2) i thought Colt had the "production license" for M4s

3) why is the HK barrel such the pig of an HBAR profile under the handguards?
do they need the rigidity for barrel upper tolerance control?

rust collector
February 15, 2004, 09:29 PM
I've got zero experience w/ AR or M16, but it seems to me

a) There aren't many tools out there that couldn't stand improvement,

b) Once you've got improved function you can work on weight and production issues,

c) It's not gonna hurt any of us if the state of the art is advanced, and

d) Product improvement is more likely to be adopted than a new weapon system.

I have read some horror stories about proving, accepting and the games people play when it comes to huge government contracts. I'd like to see the breed improved and if it's worthwhile improvement, the marketplace should make it worth the developer's time. The M-16 decision was made long ago. Making these rifles and carbines demonstrably better should be a continuing objective. They're better than they were 30 years ago, and the next version may be the home run.

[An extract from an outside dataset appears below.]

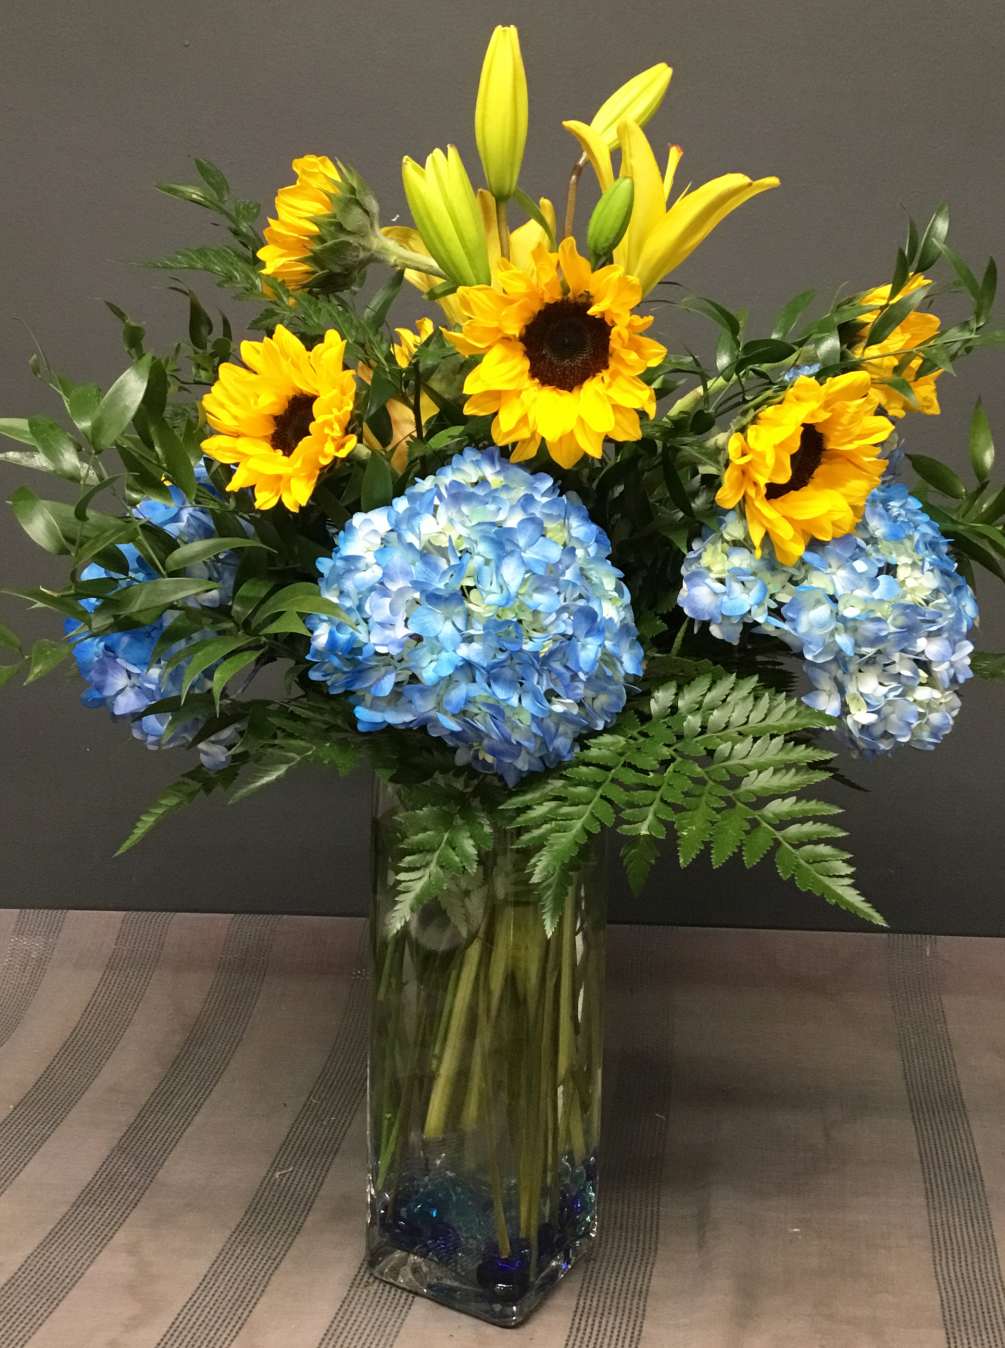 Blue Hydrangeas, Lilies and Sunflowers

Let's hope someone will always have a better idea. Keep em coming.

roo_ster
February 15, 2004, 10:06 PM
Would you care to elaborate on your observations on the various weapons you encountered? Any comments on the more reliable items out there would be interesting.

CAR15
Boy, these weapons were O-L-D. These boys were gettin' no lovin' from their service, to still be toting these relics. On their last legs, so no fair comparison could be made. What was nice is that they were light & really handy.

AKs, mostly 74
They're a rock. Handle & shoot like one, too. More reliable than the AR15 platform (no news, there). I still was not enamored of them, like so many are. I guess I'm a equally grumpy on ARs & AKs, but for different reasons. Ideally suited to poorly trained cannon fodder. Well-trained men deserve better.

G3
I see a lot of guys at the range with CETMEs & G3's with crappy US-made receivers having all sorts of drama. The real deal is drama-free, all good. I am not a plastic assault rifle kinda guy, but I would make an exception for a nice G3. What can I say? It worked well, did the job, & caused no drama.

G36
If you gotta get it in 5.56mm, this is the one to get. What the M4 should be. D@mn HK for producing best in class...again! [I feel a rant coming on...] If our armed services are gonna slap down the shekels for B2s, NMD, & new attack subs, every infantryman ought to get a G36, the best Danner boots made, and load-bearing equipment that has some semblance of comfort (in addition to being able to jump it without some abominable mess of nylon webbing to rig). [OK, I fell better, now...]

FN FAL
Little drama. I didn't get to put many rounds downrange with one of these. I'd like to, though.

M14
Nice. Not as nice as the G3, but surely an impressive weapon. I liked it a lot. Got to spend a week getting intimate with it and was impressed. I really like the way it kept right eating up 7.62 without a hiccup. BTW, this particular example was not pristine, rather, it had had a hard, long slog before it got to me.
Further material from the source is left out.